Thursday, April 29, 2010

"What is holding up a peace agreement?"

Shalom All,

It has been asked, "What is holding up a peace agreement?"

The primary problem is the definition of "settlement." The Arab League considers ISRAEL a settlement. The UN sees no difference between the Western Wall, Gilo, Ariel and tiny outposts in the middle of Palestinian fields in the West Bank. All are on the other side of the green line.

The secondary problem is that Israel considers the 1949 border to be an ARMISTICE LINE rather than a PERMANENT border. Hence, it feels that it is perfectly appropriate to change that border under new circumstances. The US in arguing on UNSC 242 and 338 basically argued the fact that the 1949 border was unstable and that Israel would NOT be expected to return to it.

A third problem is that a Palestinian state was never created. There was a plan for it that was overridden by the recognition of Israel's borders in 1948-1949. Why? Because Israel's recognized border at that time was not in accord with the proposal. There actually is no currently valid boundary of Palestinian territory, only an absence of recognition of expanded Israeli territory.

A fourth problem is connected to the third, namely that the US OFFICIALLY considers ALL OF JERUSALEM to be an INTERNATIONAL CITY as was intended prior to the creation of Israel.
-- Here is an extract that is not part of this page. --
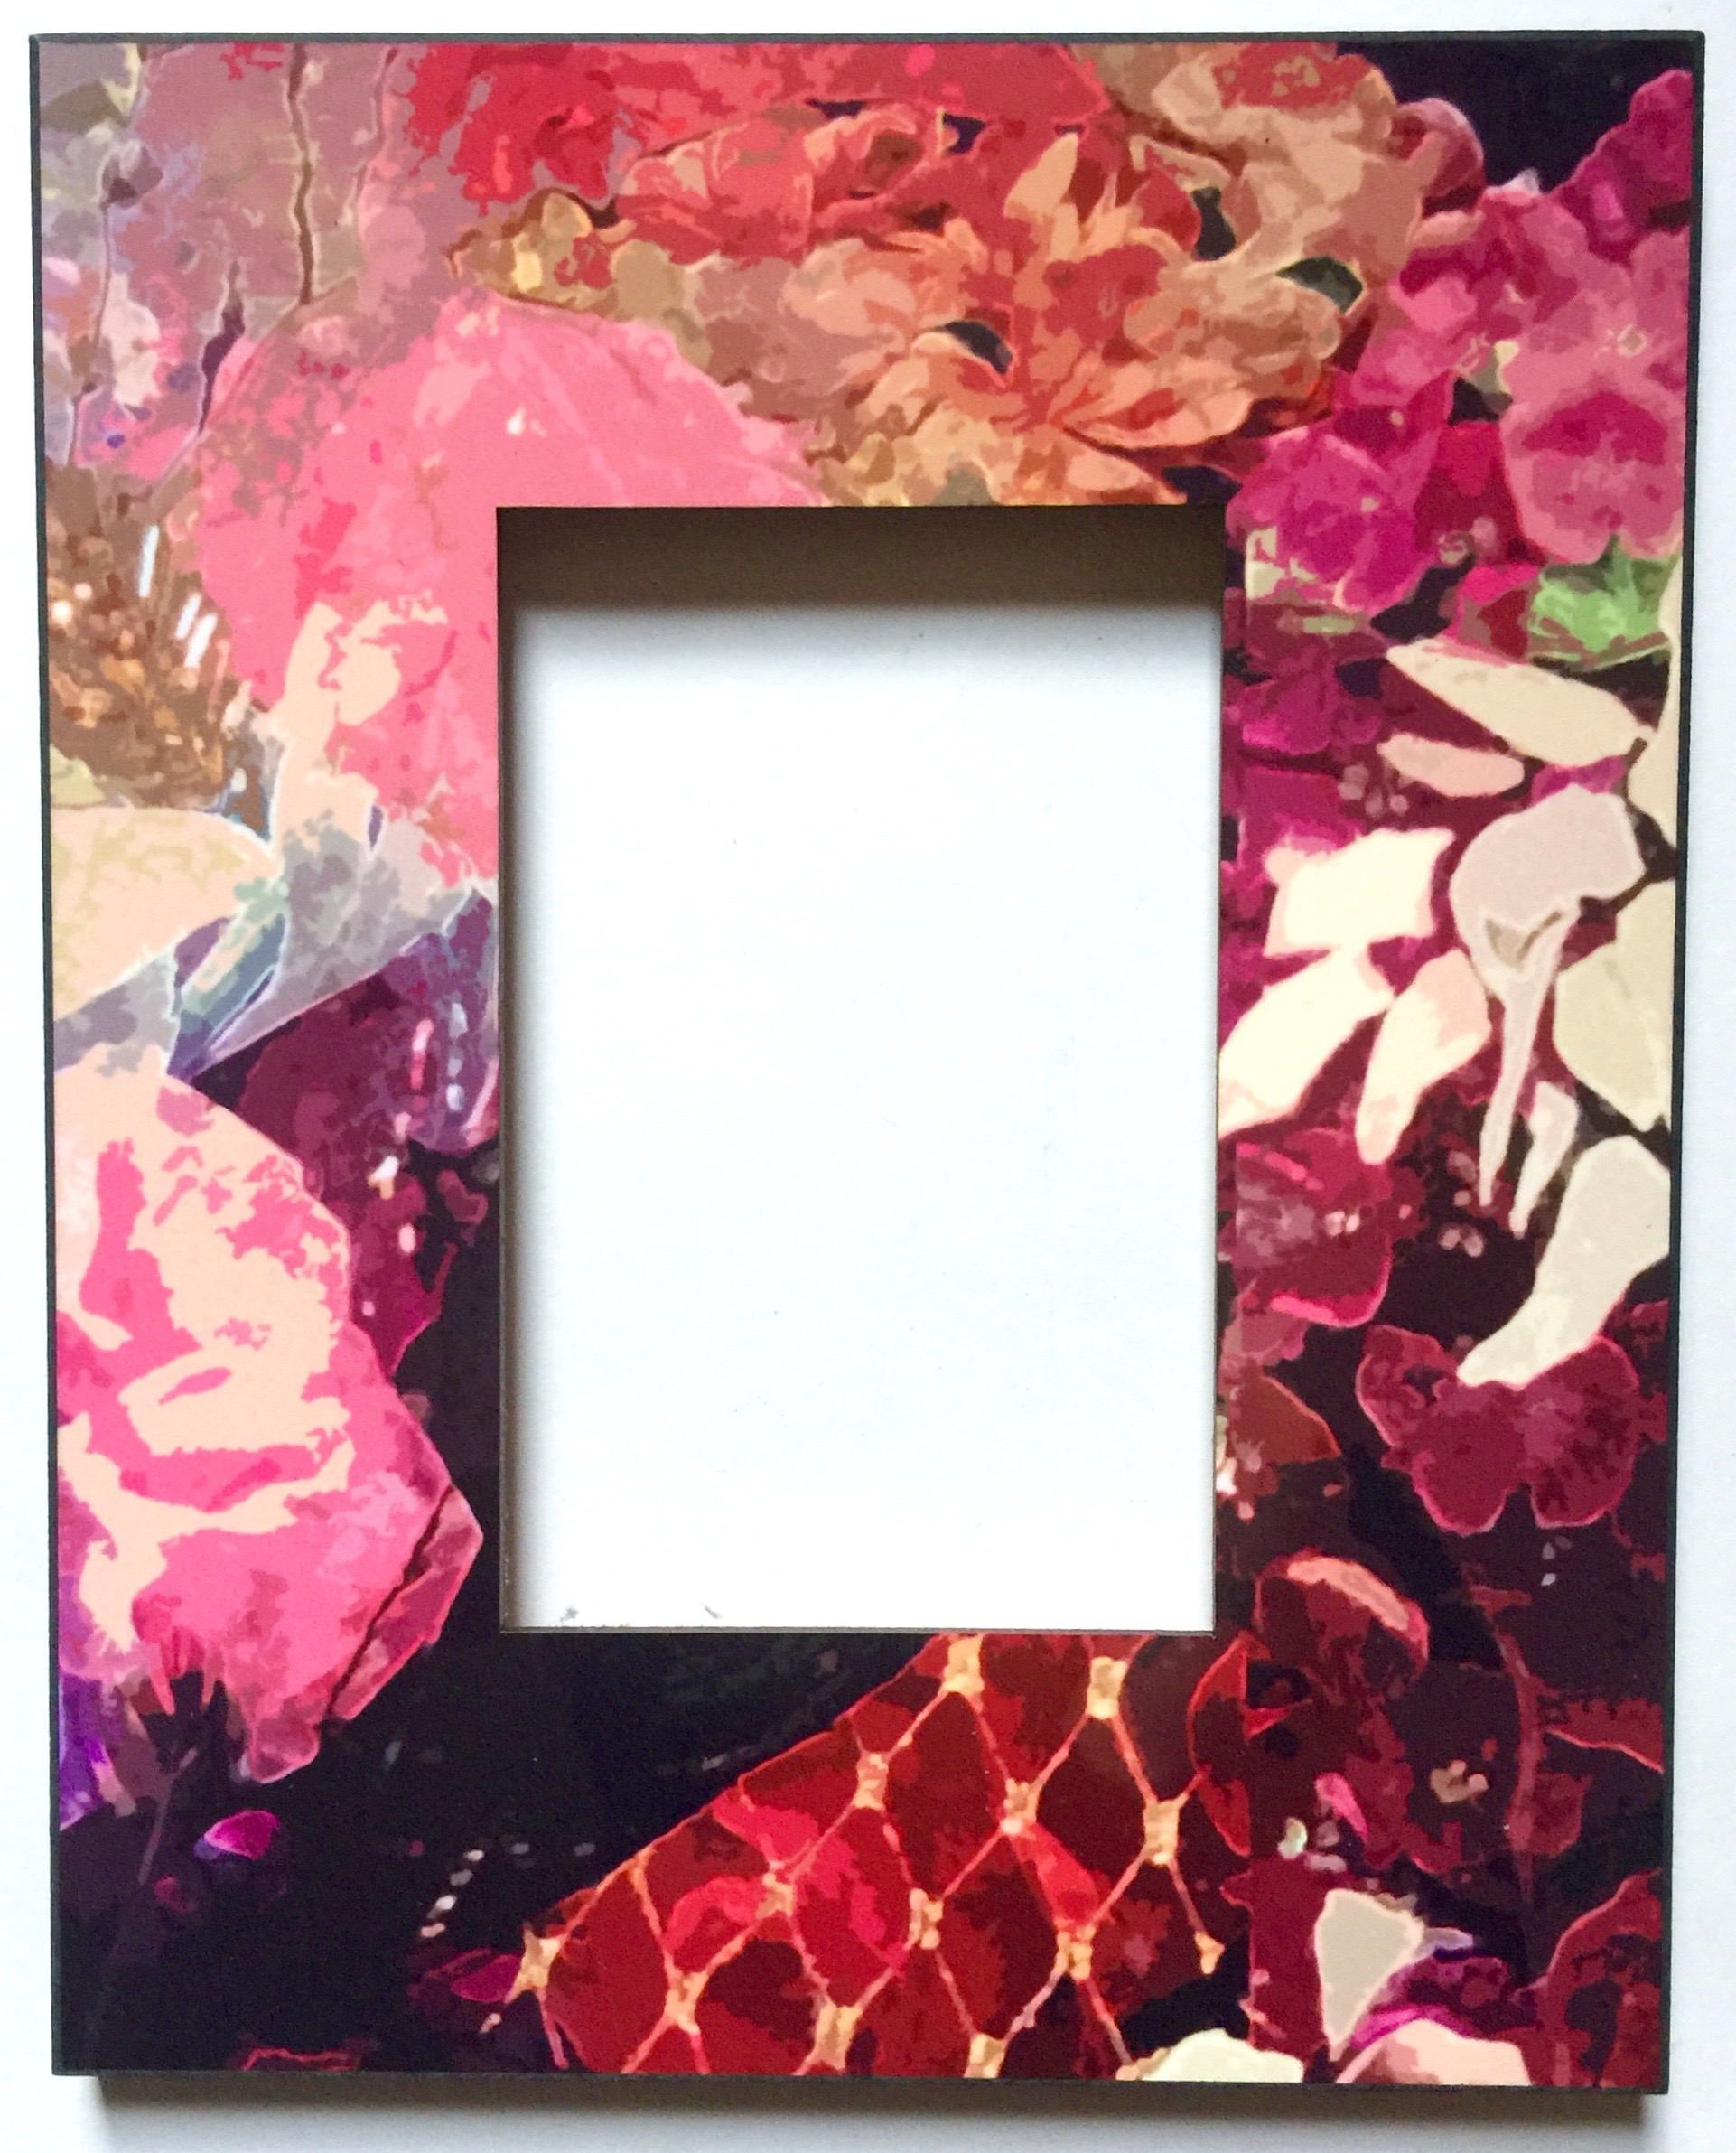 Floral Printed Frame 4x6 $65

This is RIDICULOUS!!! But is the declared reason why the US embassy was never moved to WEST Jerusalem pre-1967, much less to a unified Jerusalem post-1967. Obviously, pressure from the Arab states may have played a SMALL part in that as well.

A fifth problem is that Israel has no reason to fight against its radicals about settling territory when it knows full well that it could withdraw if it wished. The Palestinians also know that in any peace deal Israel will withdraw and cede territory, so to complain about settlement in any form in any place actually distracts from the primary issues.

The primary issues are these: JERUSALEM and control of the Holy Basin in particular, border control both with Israel and with Jordan and Egypt, and a demilitarized Palestinian state. Compensation for lost property will be done through restitution. Neither Israel nor a future Palestinian state could possibly absorb any significant number of Palestinian refugees (Israel because it would threaten the Jewish nature of the state and the PA because it cannot support its current population, much less tens of thousands more people) and therefore that is not really an issue BETWEEN THEM, but primarily one between the UN and the Arab League which will have to agree on absorption of refugees. Land swaps are relatively easily accomplished by comparison.

Everybody knows this and in spite of criticism of Israel, the Obama Administration seems to be in agreement with them as well. Those who oppose what is above, primarily, are those who want to see the ultimate demise of the Jewish state or equally absurd, a Jewish state controlling all of the land that either denies hundreds of thousands of Palestinians any rights of citizenship or expels them. Neither of these are realistic possibilities, much less good ones. Where the Administration is wrong in my mind is in the belief that the Palestinians and Arab League are ready or, more accurately, MIGHT BE ready to deal with the POSSIBLE solutions to the conflict and that forcing Israel to make symbolic concessions will have any effect upon that readiness.

The possibility that it would be of benefit to the US as it deals with the Muslim world not to have continued conflict between a close US ally and the Arab world is a problem that is IRRELEVANT to the pursuit of the solution to the conflict at this point because the basic solution has already been reached. It has simply failed to be accepted by one of the sides in the dispute. The US cannot pressure Israel to concede on any of the major issues because Israel would not be able to comply. It cannot pressure the Palestinians to concede or impose the obvious solution because it would anger the Arab world. The Arab leaders, for the most part, see the solution too, but cannot advocate for it because it would upset the ignorant masses. Hence, the conflict continues.

The argument that the status quo cannot continue is simply wrong. Not only can it, but it will, unless a better alternative is presented and one or both sides choose to pursue it. The fact that they are not is in and of itself evidence that the alternatives present now are not better than the status quo for them. A bad peace agreement can be far worse than the status quo. The obvious solution is one in which the Israelis gain from the 1949 armistice position and the Arab League and Palestinians lose. They don't want to accept that, so the suffering continues in the hope that someday what is unreasonable will be forced upon Israel. Their current hope is that Boycott-Divestment-Sanctions programs will achieve that because military action has failed repeatedly.